I’m struck by the sheer level of Rick Veitch’s ambition with this story. In interviews, Veitch claimed that The One was one of the first books to ride the wave of Miracleman, which he had worked on previously. According to Veitch, his intent with this series was to create truly literary comics with the density and structure of a novel, as Alan Moore had done with his work on titles like Watchmen. He cites science fiction writers like Isaac Asimov and Stanislaw Lem as influences, and there are definite signs of these ideas in The One. However, I would also go a step further and suggest that this title also draws noticeable influence from Dr. Strangelove, which was likewise satirizing nuclear geopolitics and Cold War hysteria. Additionally, The One is also a book that predated later titles that would attempt this format, such as Rising Stars, realizing the potential of superheroes as a science fiction concept.

Unlike many comics that attempt to comment on the political landscape, Veitch shows a level of wit and insight about human nature that is commendable. One of the points that is made abundantly clear early on is made through the character of Itch, who shows that it doesn’t matter who fires the first shot, because the corporate powers who finance the wars are the only true winners. Itch is shown as a clever manipulator who does effectively nothing while world leaders are forced to react in comical fashion.
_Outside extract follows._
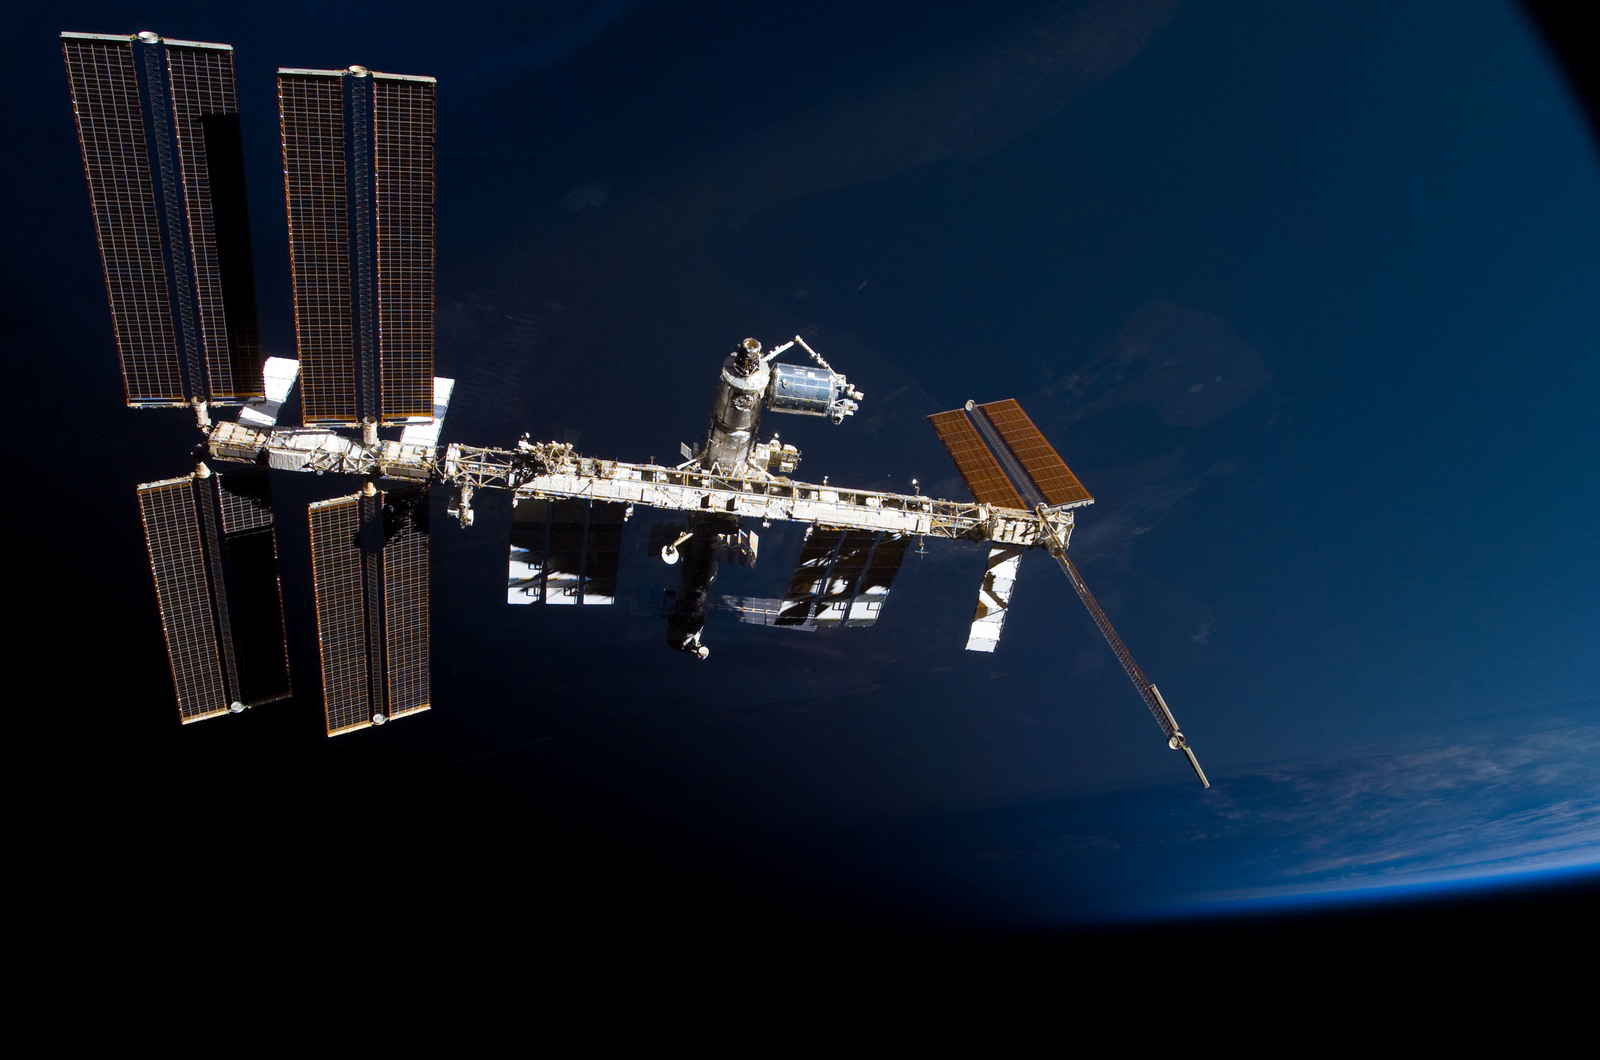 Самый большой космический аппарат. Космическая станция МКС. Спутник НАСА станция МКС. Космическая орбитальная станция мир. Атлантис космический аппарат.
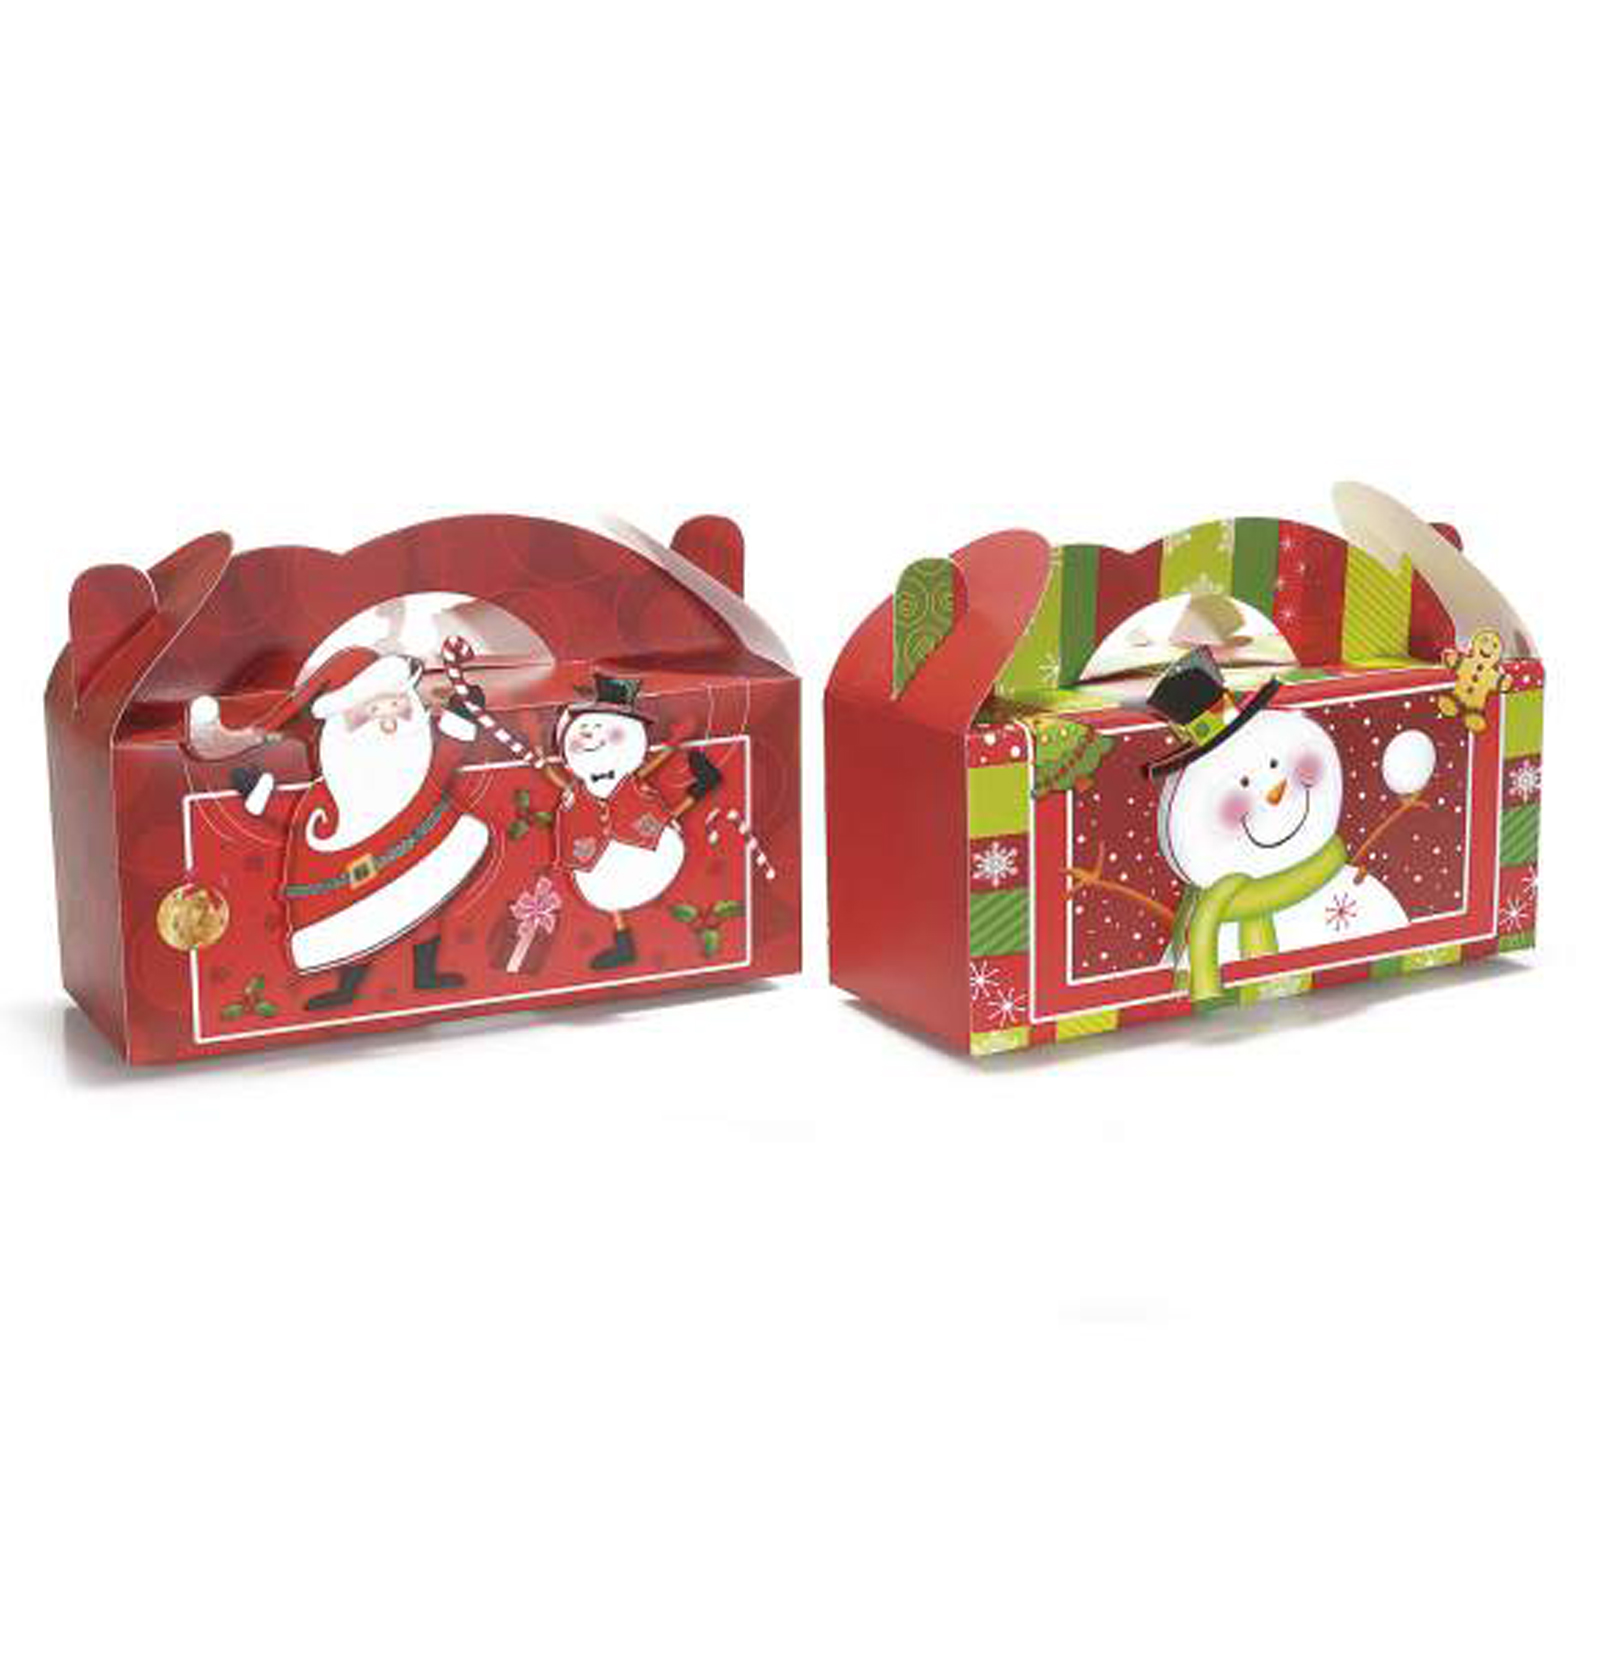 16Pz. Scatola per pacco regalo natalizia in carta colorata con personaggi  natalizi 3D cm 25x10x11 H, Scatole Discount.it - Trasparenti, in cartone,  portabottiglie, portaconfetti, nastri, bomboniere e ragali

This quickly sets the tone for the entire comic, explaining the concept of “The Big Sleep” (a name possibly inspired by Raymond Chandler), the event that grants superpowers to random individuals in this world. From here, Veitch expertly shows the consequences of the core premise, logically working out how people might act when presented with this situation. This is a classic first issue’s setup, introducing the people affected by The Big Sleep and how their changes drive their later decisions.

While this is a cleverly written comic and it holds up well in many ways, be aware that this is a thirty-year-old series and there are moments where it shows its age. The political satire is clearly aimed at former President Ronald Reagan, and those references may be easily missed if you’re not familiar with the landscape of the 1980’s. There is also a definite moment midway through the comic that may be uncomfortable to a post-9/11 audience, though Veitch couldn’t possibly have predicted that at the time he wrote it. Nevertheless, there are moments that feel as true today as they were at the time they were written, and the heart behind the satire still works even in a modern context.



Although The One doesn’t quite measure up to the greatest comics of the 1980’s, it is a biting and scathing political satire that can fairly be considered as a cult classic. Rick Veitch had a clear vision for how he wanted comics to evolve during the 80’s, and The One definitely succeeds in realizing that vision. This is an issue that even sheds new insight under subsequent re-readings, a sign of a quality comic.

As a rule, I tend to reserve my highest praise for comics that represent the pinnacle of what the medium can achieve. Considering how well this title has generally aged, as well as its uniqueness and the trends that it set, The One has earned a bomb-dropping 10/10. Although I normally take a dim view towards pricing a single issue at $5, the level of Rick Veitch’s output with this book justifies that price point. This title exemplifies what comics aspired to be thirty years ago—thoughtful, literary comics that took the superhero and used the genre to make the reader think about the world in a new light. We don’t have nearly enough comics like this anymore, and I applaud IDW for taking the step of publishing this book.